Jeon Eun Som, Som Anirudh, Shukla Ankita, Hasanaj Kristina, Buman Matthew P, Turaga Pavan
School of Arts, Media and Engineering and School of Electrical, Computer and Energy Engineering, Arizona State University, Tempe, AZ 85281 USA.
Center for Vision Technologies Group at SRI International, Princeton, NJ 08540 USA.
IEEE Internet Things J. 2022 Jul 15;9(14):12848-12860. doi: 10.1109/jiot.2021.3139038. Epub 2021 Dec 29.

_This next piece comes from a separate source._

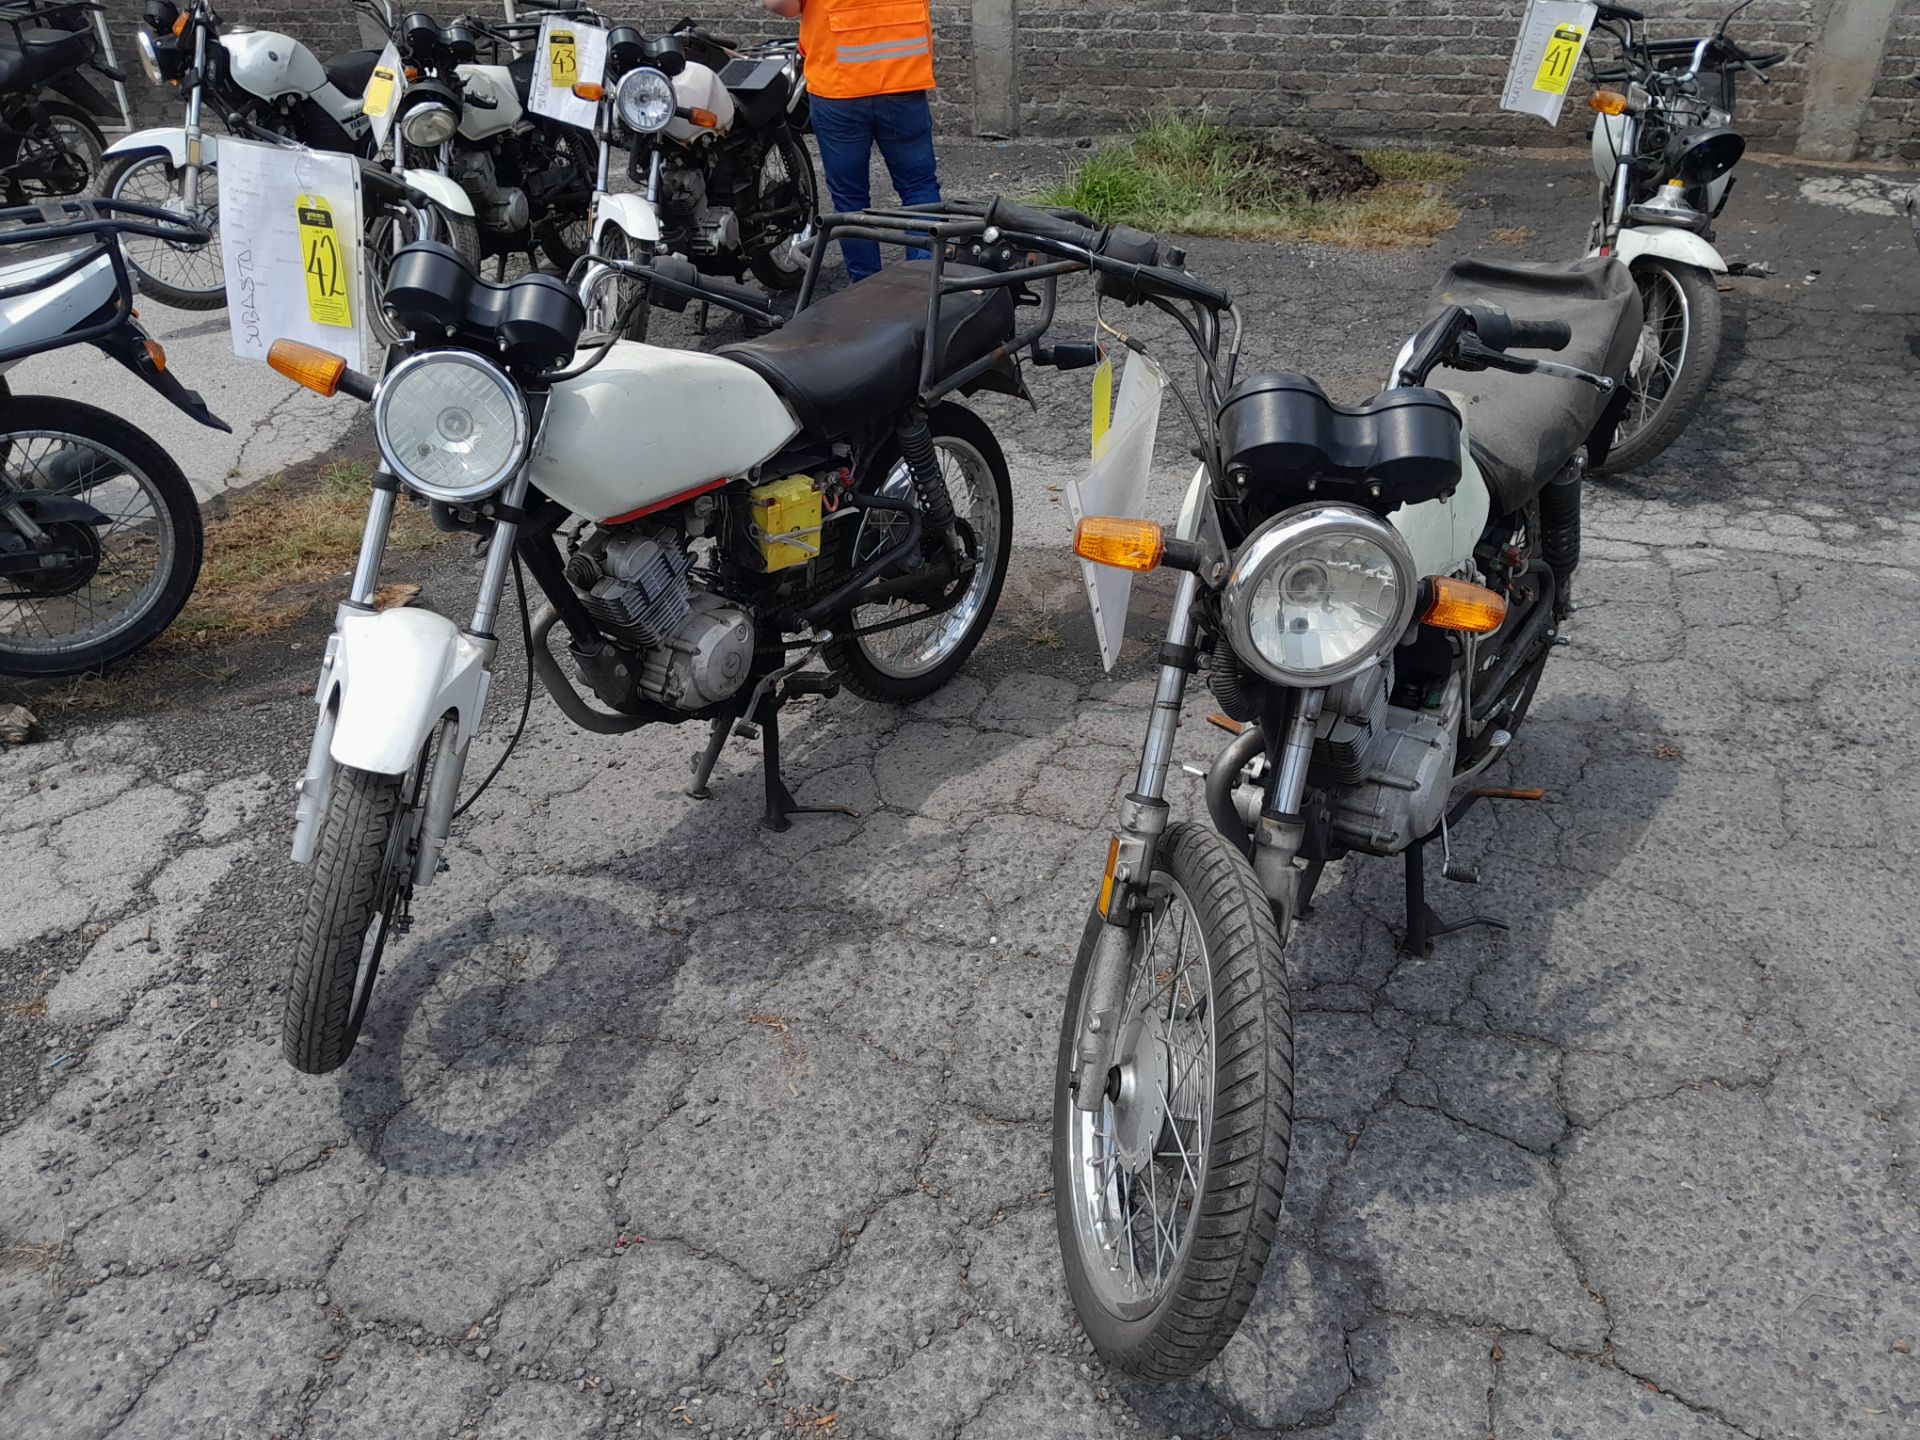 Lote de 2 Motocicletas contiene: 1 Motocicleta de trabajo usada Marca Yamaha YB 125, Modelo 2016, N

Deep neural networks are parametrized by several thousands or millions of parameters, and have shown tremendous success in many classification problems. However, the large number of parameters makes it difficult to integrate these models into edge devices such as smartphones and wearable devices. To address this problem, knowledge distillation (KD) has been widely employed, that uses a pre-trained high capacity network to train a much smaller network, suitable for edge devices. In this paper, for the first time, we study the applicability and challenges of using KD for time-series data for wearable devices. Successful application of KD requires specific choices of data augmentation methods during training. However, it is not yet known if there exists a coherent strategy for choosing an augmentation approach during KD. In this paper, we report the results of a detailed study that compares and contrasts various common choices and some hybrid data augmentation strategies in KD based human activity analysis. Research in this area is often limited as there are not many comprehensive databases available in the public domain from wearable devices. Our study considers databases from small scale publicly available to one derived from a large scale interventional study into human activity and sedentary behavior. We find that the choice of data augmentation techniques during KD have a variable level of impact on end performance, and find that the optimal network choice as well as data augmentation strategies are specific to a dataset at hand. However, we also conclude with a general set of recommendations that can provide a strong baseline performance across databases.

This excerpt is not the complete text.